══ Given information

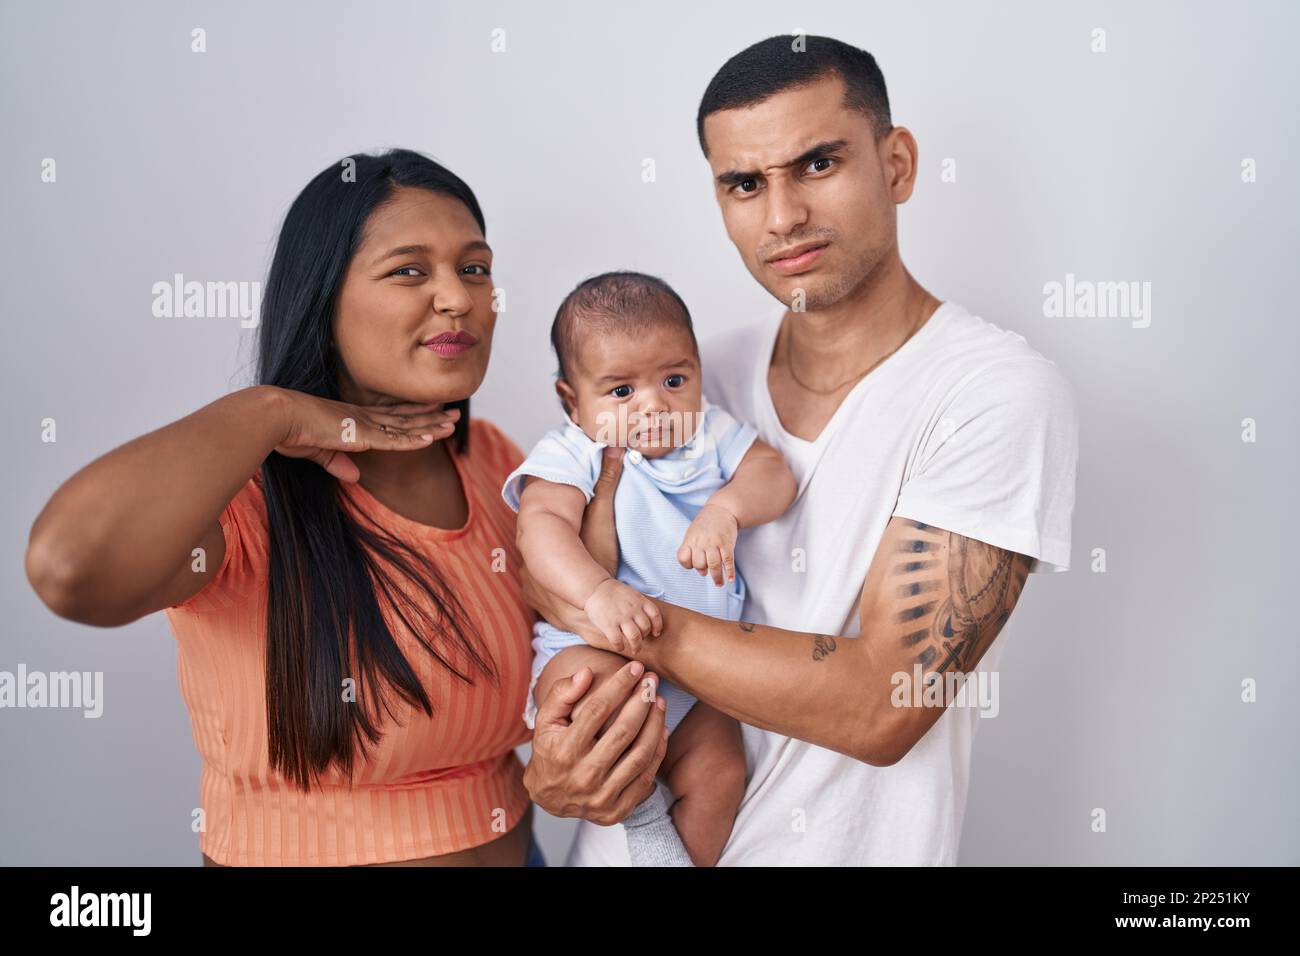 Ein junges lateinamerikanisches Paar mit einem Baby, das über einem isolierten Hintergrund steht und mit der Hand als Messer die Kehle durchschneidet, droht Aggression mit wütender Geige Stockfoto
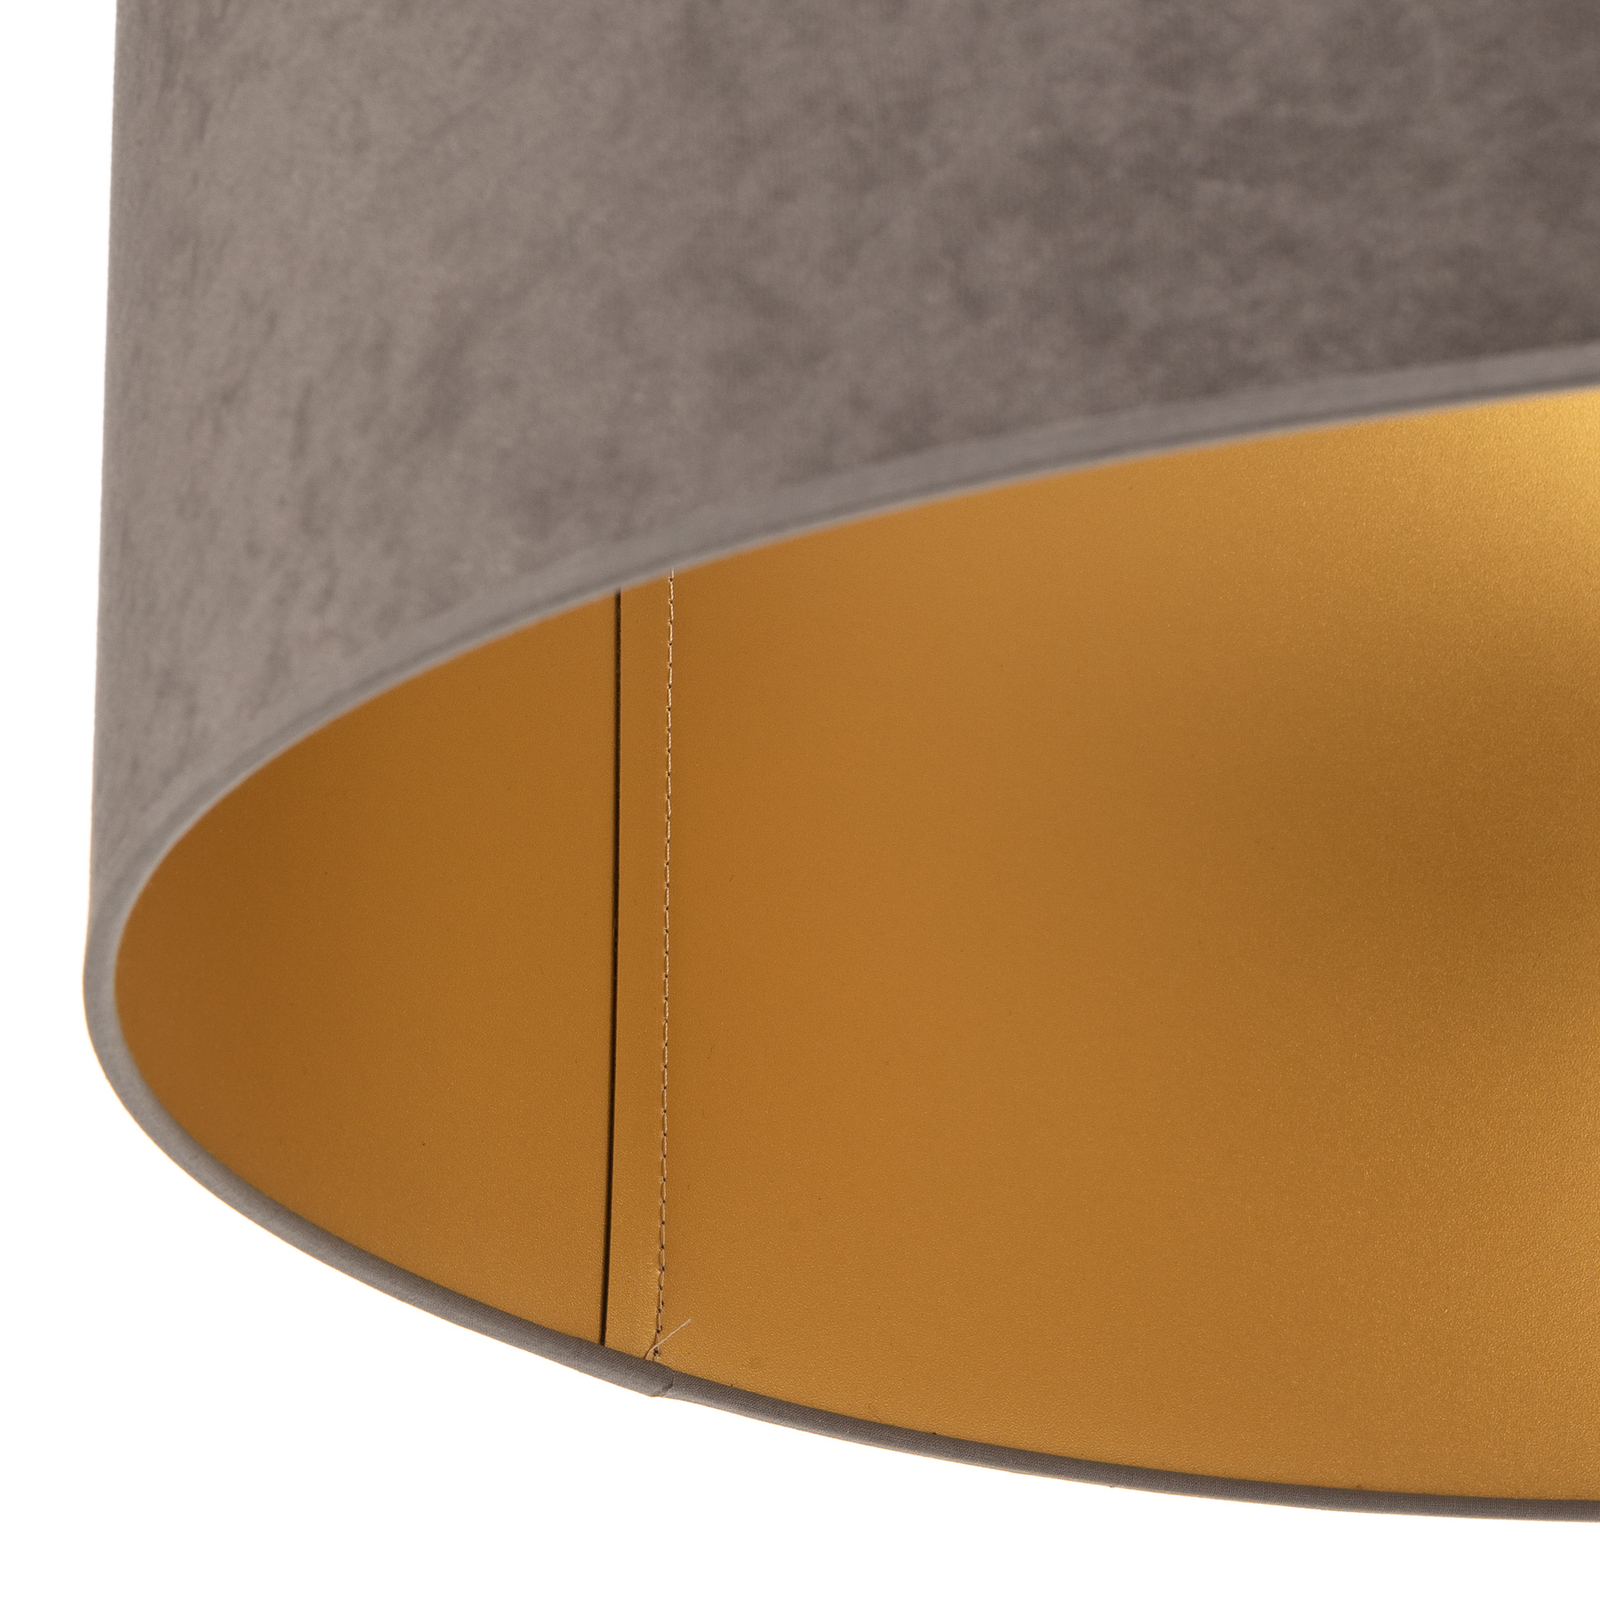 Plafondlamp Golden Roller Ø 60cm grijs/goud
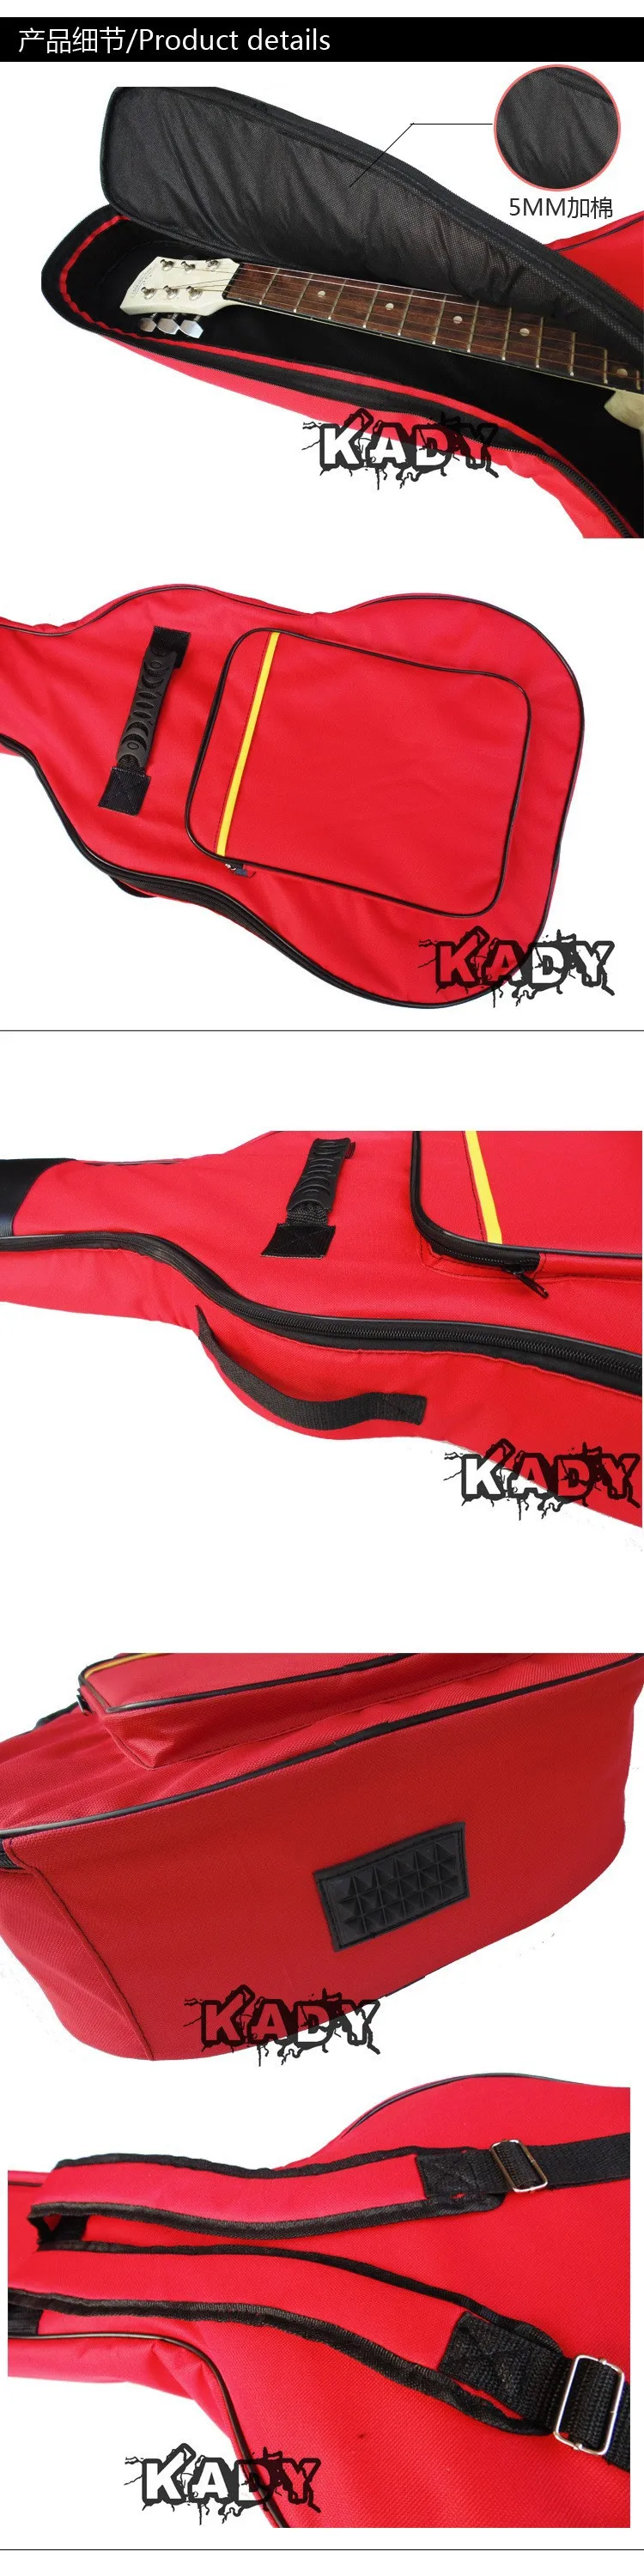 5 цветов FD хорошее качество 39 40 41 дюймов акустическая гитара gig сумка рюкзак плеча мягкий защиты водонепроницаемый бесплатно shippin

════

_What is being asked:_ Would you please transcribe the listing in full, exactly, while omitting the images?

_Response area:_
 Ein junges lateinamerikanisches Paar mit einem Baby, das über einem isolierten Hintergrund steht und mit der Hand als Messer die Kehle durchschneidet, droht Aggression mit wütender Geige Stockfoto
 Plafondlamp Golden Roller Ø 60cm grijs/goud
 5 цветов FD хорошее качество 39 40 41 дюймов акустическая гитара gig сумка рюкзак плеча мягкий защиты водонепроницаемый бесплатно shippin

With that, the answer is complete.